Reserve Square is a two-building skyscraper mixed use apartment complex in downtown Cleveland, Ohio, United States. Both buildings have 23 floors and are 266 feet (81 m) high. The Square is directly west of the senior residential Cuyahoga Metropolitan Housing Authority's Bohn Towers.

The complex was originally called Park Centre and was an extension of the Erieview Plan.

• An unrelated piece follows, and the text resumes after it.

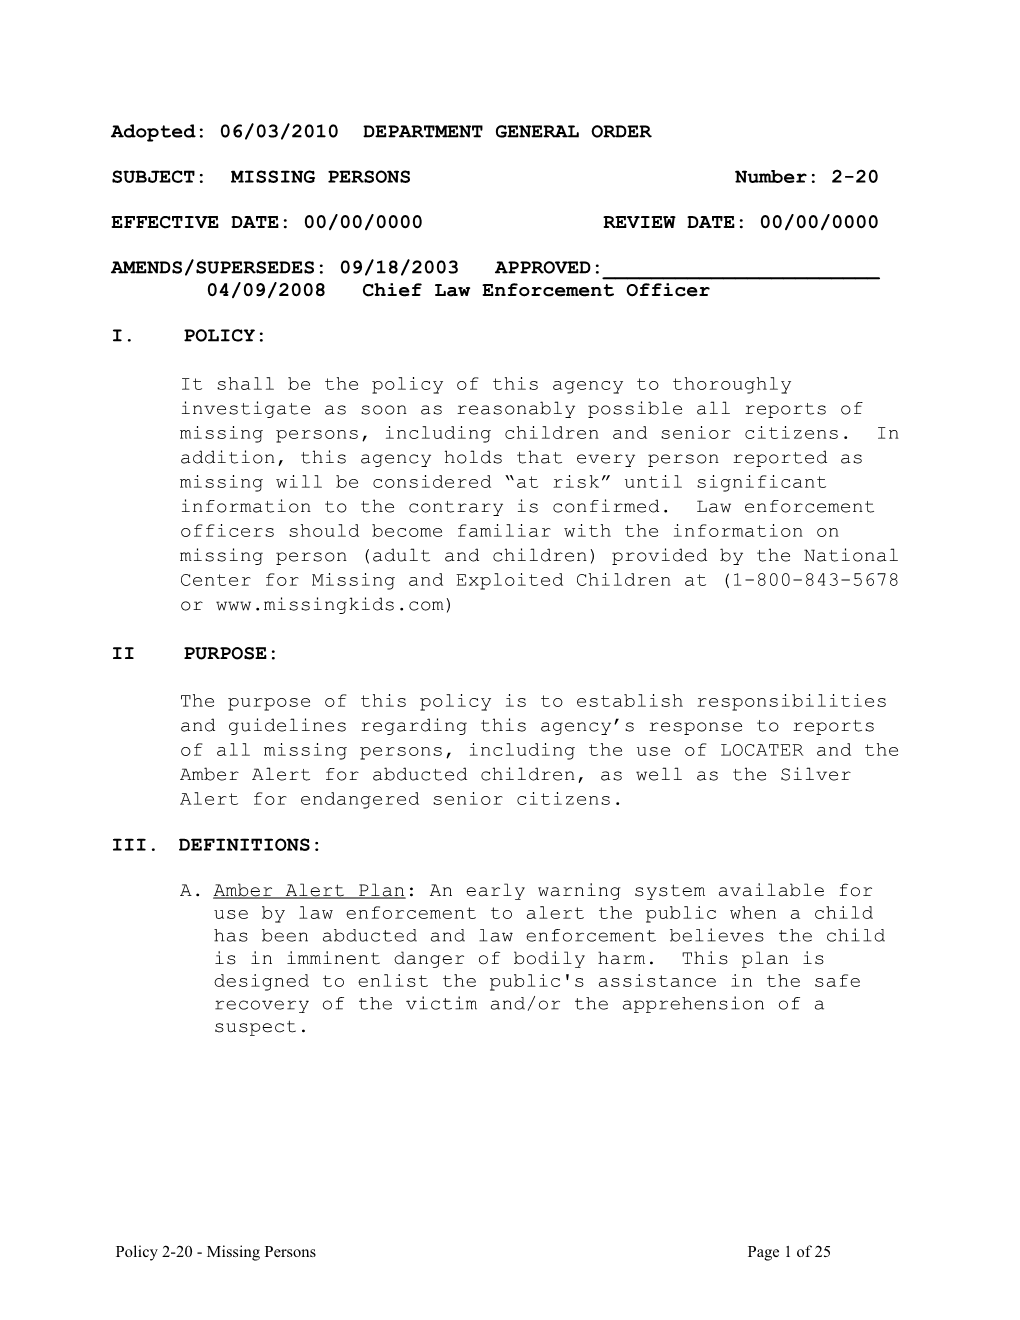 Adopted: DEPARTMENT GENERAL ORDER Draft 10/24/2007

One of the goals of this plan was to create residential zones in downtown Cleveland, however, by the 1970s with completion of the Tower at Erieview, One Erieview Plaza and Reserve Square this was only partially achieved.

History
The West Tower was built in 1969 and the East Tower in 1973. It was designed by the Cleveland architectural firm Dalton-Dalton-Newport-Little, which at one time was one of the most prominent firms in the world, so much so that in 1984, Dalton was acquired by URS Corp of San Francisco. The exterior design was influenced by Le Corbusier's public housing development Unité d'Habitation, a building notable for its interiors and minimal footprint on the ground. The aesthetic approaches Brutalism with the way it utilizes raw cement features, though it is a bit less refined than that style. The West Tower contained an Embassy Suites Hotel for a number of years, until it closed in 2012 and was converted back to apartments.

Cleveland television stations WOIO and WUAB (which were both owned by Raycom Media of Montgomery, Alabama, which has since been acquired by Gray Television) have their broadcast studios on the building's first floor. They have been present in the tower since at least their switch to becoming the CBS affiliate in Cleveland in 1994.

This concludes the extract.